At the fund level, May's largest gainers were almost exclusively income, staking, leveraged and newly launched products, reflecting yield-seeking and tactical positioning rather than strategic allocation into spot. The NEOS Bitcoin High Income ETF (BTCI) led all funds with $141.8M, up from $48.5M in April (AUM: $1.24B), followed by the Bitwise Solana Staking ETF (BSOL, $79.3M), the Morgan Stanley Bitcoin Trust (MSBT, $73.9M) and the Bitwise Hyperliquid ETF (BHYP, $62.0M).
The largest funds by AUM were unchanged. The iShares Bitcoin Trust (IBIT) anchored the market at $58.1B, down from $65.8B in April, followed by the Fidelity Wise Origin Bitcoin Fund (FBTC) at $13.4B and GBTC at $10.75B.
The outflows reversed April's leadership: IBIT, FBTC and ARKB, which led April's inflows, were among May's largest redeemers, with IBIT shedding $1.31B, the Grayscale Bitcoin Trust (GBTC) $328.0M and the ARK 21Shares Bitcoin ETF (ARKB) $313.5M. Investors appear to have trimmed plain-vanilla spot exposure in favour of yield, leverage and thematic products rather than exiting the asset class.
US-listed products continued to dominate the global crypto ETF market in May. Despite net outflows of $2.37B, American-domiciled ETFs closed the month with $119.2B in AUM, retaining roughly 84.5% of the $141.1B global market, broadly in line with April's 85.1%.
Outside the US, the picture was steadier but no longer additive. Switzerland ($56.0M), Jersey ($38.6M) and Canada ($19.1M) drew inflows, yet Europe as a whole slipped to roughly $15M of net outflows, extending a cooling already visible in April. The steadiness of non-US flows during a near-$2.4B month of US redemptions nonetheless echoes the geographic divergence seen earlier in the year.
On the surface, May reads as a clean continuation of risk-off. The near-$2.4B of US outflows reversed two consecutive months of inflows, marked the largest monthly redemption of the year, and saw the biggest Bitcoin and Ether funds lead the retreat as prices fell.
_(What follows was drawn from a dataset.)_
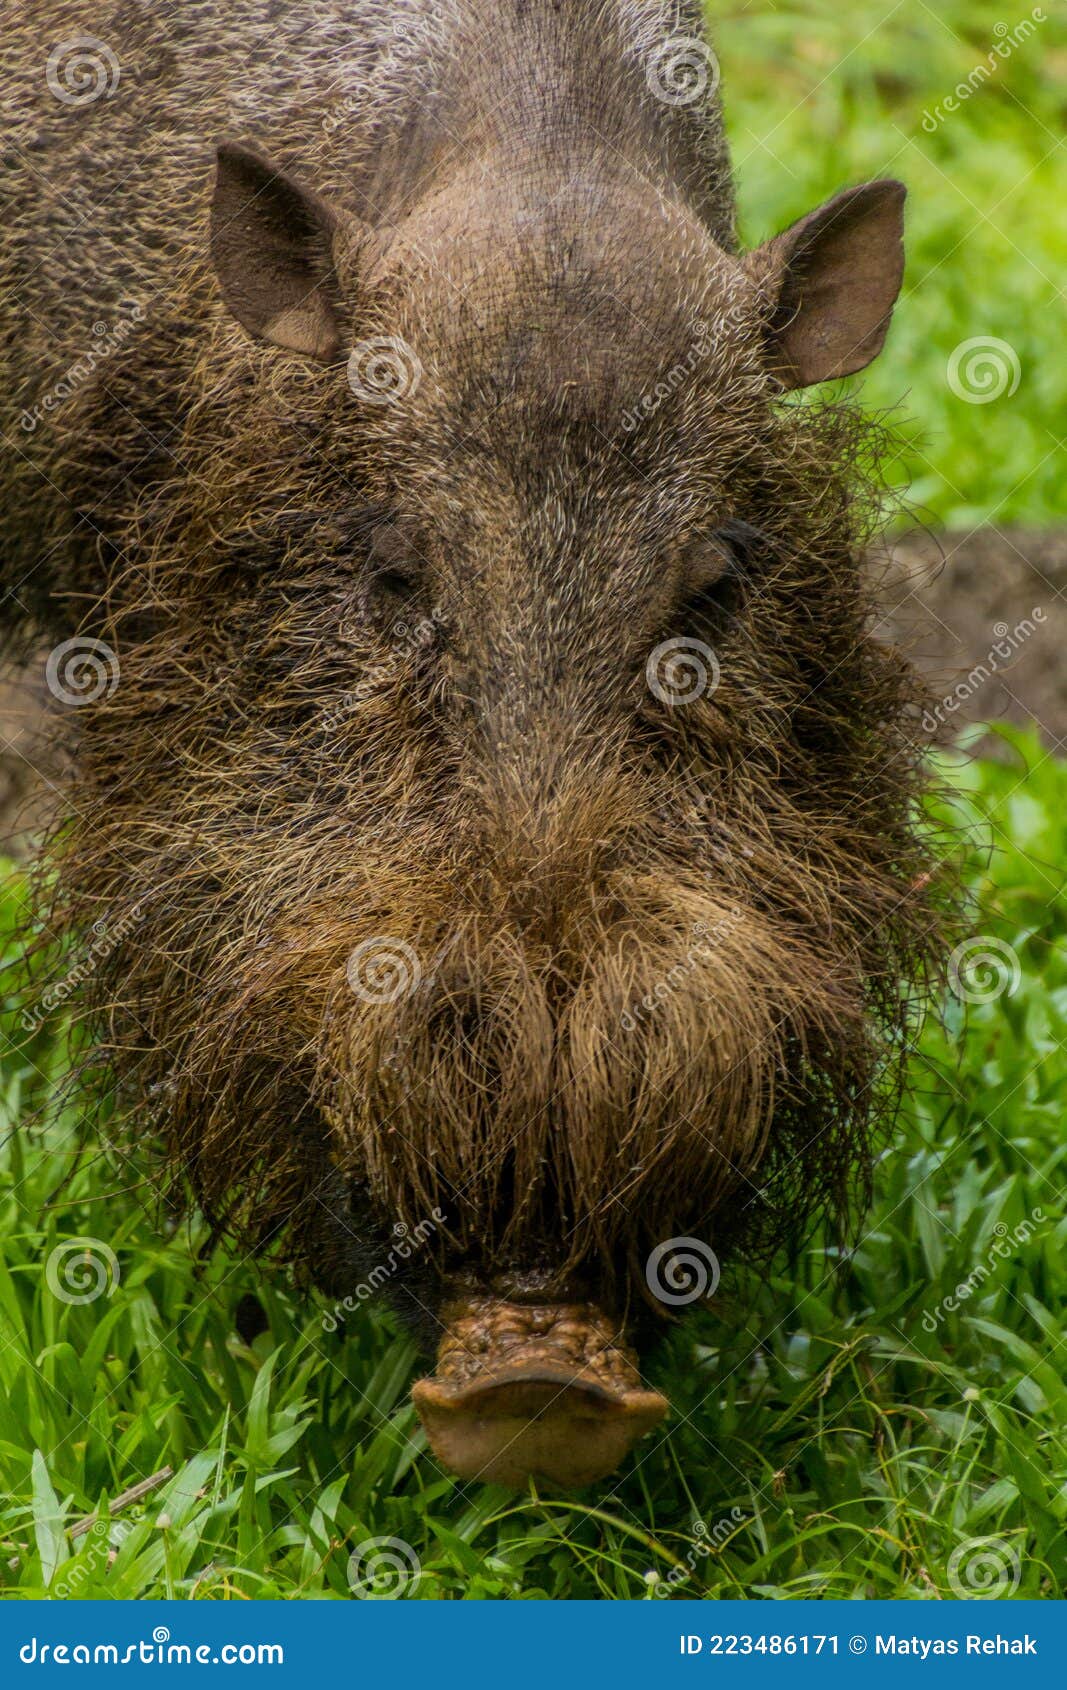 Питание и образ жизни бородатых свиней с острова Борнео

Beneath the headline, the composition was more differentiated. The redemptions were overwhelmingly a large-cap, single-asset phenomenon, even as income, staking and altcoin products drew capital: XRP and Solana extended their inflows, Hyperliquid emerged as a new category, and the broad CD20 fell far less than the large-cap CD5 and Bitcoin. That breadth has however not prevented further downside. May proved no trough: by early June, Bitcoin had fallen to around $62,000 and the major indices were down a further 15% or more, leaving the redemption pressure that defined May firmly in place.
TrackInsight (All ETF and ETP Data): https://www.trackinsight.com/services/data-services
CoinDesk (XBX, CD20, CD80, Centralised Exchange Data): https://indices.coindesk.com/indices; https://www.coindesk.com/price
Disclaimer: Trackinsight considers flows from an ETF's perspective, treating the fund's first AUM upon listing as its initial inflow, which may differ from other sources that account for pre-listing activity or conversions.
Please note this article is for information purposes only and does not in any way constitute investment advice. It is essential that you seek advice from a registered financial professional prior to making any investment decision.